The savings can be especially great if your business profit is currently subject to self-employment taxes (Social Security and Medicare) of 15.3%. S corps do not pay Social Security and Medicare taxes on the entire business profit. Instead, these taxes are only paid on wages.
You may not want to become an S corp if you do not plan to be in business long-term or if you have W2 income that is close to or above the Social Security limit. It is best to talk with an accountant if you are not sure whether S corp status is right for your business.
How to stay compliant with the election of S corp status
If you decide to move forward with S Corp status, it is important to remain compliant. Here are some tips on doing so.
- Maintaining Corporate Formalities: Ensure that corporate formalities such as regular board meetings and keeping accurate records of company decisions are maintained.
- Filing Annual Reports: File annual reports with the state where the S corp is registered, including any necessary fees.
- Submitting Tax Returns: File an annual tax return (Form 1120S) with the IRS, as well as any required state tax returns.

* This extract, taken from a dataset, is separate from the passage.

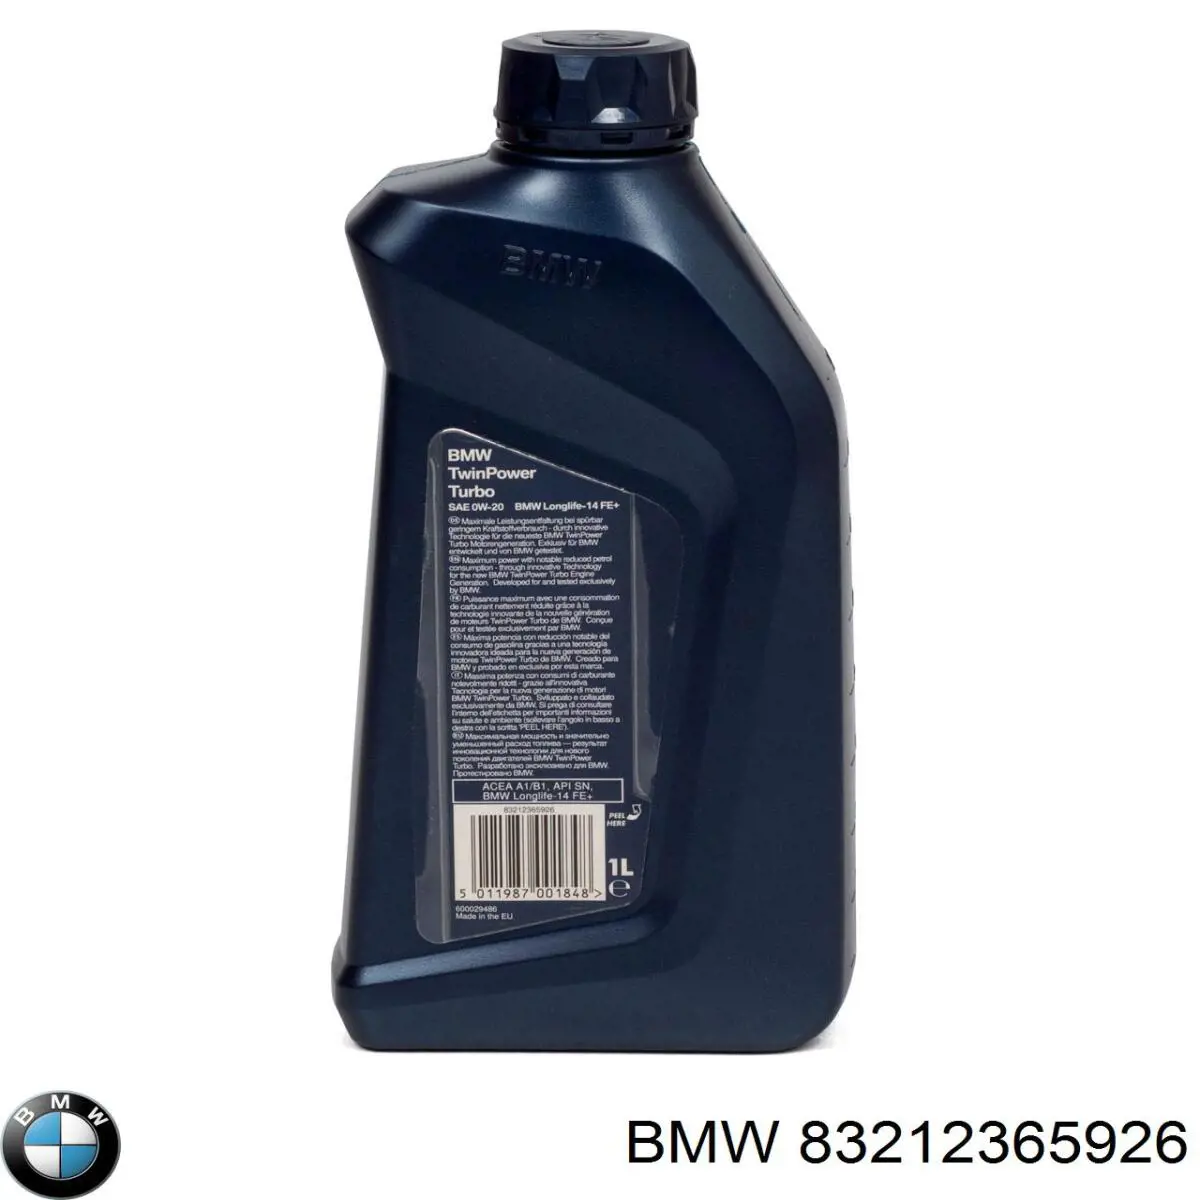 BMW Twin Power Turbo Sintético 1 L (83212365926)

- Paying Taxes: Ensure that all applicable federal, state, and local taxes are paid on time, including income taxes and payroll taxes.
- Distributing Profits Correctly: Ensure that profits and losses are distributed correctly among shareholders according to their ownership percentages.
- Keeping Records: Maintain accurate financial records, including income statements, balance sheets, and cash flow statements.
- Complying with Employment Laws: Adhere to all applicable employment laws and regulations, including those related to hiring, wages, and workplace safety.
- Updating Corporate Documents: Keep corporate documents such as bylaws, articles of incorporation, and shareholder agreements up to date.
- Avoiding Prohibited Activities: Avoid engaging in activities that could jeopardize the S corp's status, such as having more than 100 shareholders or having ineligible shareholders (e.g., non-resident aliens, certain types of trusts).
- Seeking Professional Advice: Consult with legal, tax, and financial professionals to ensure ongoing compliance with all applicable laws and regulations.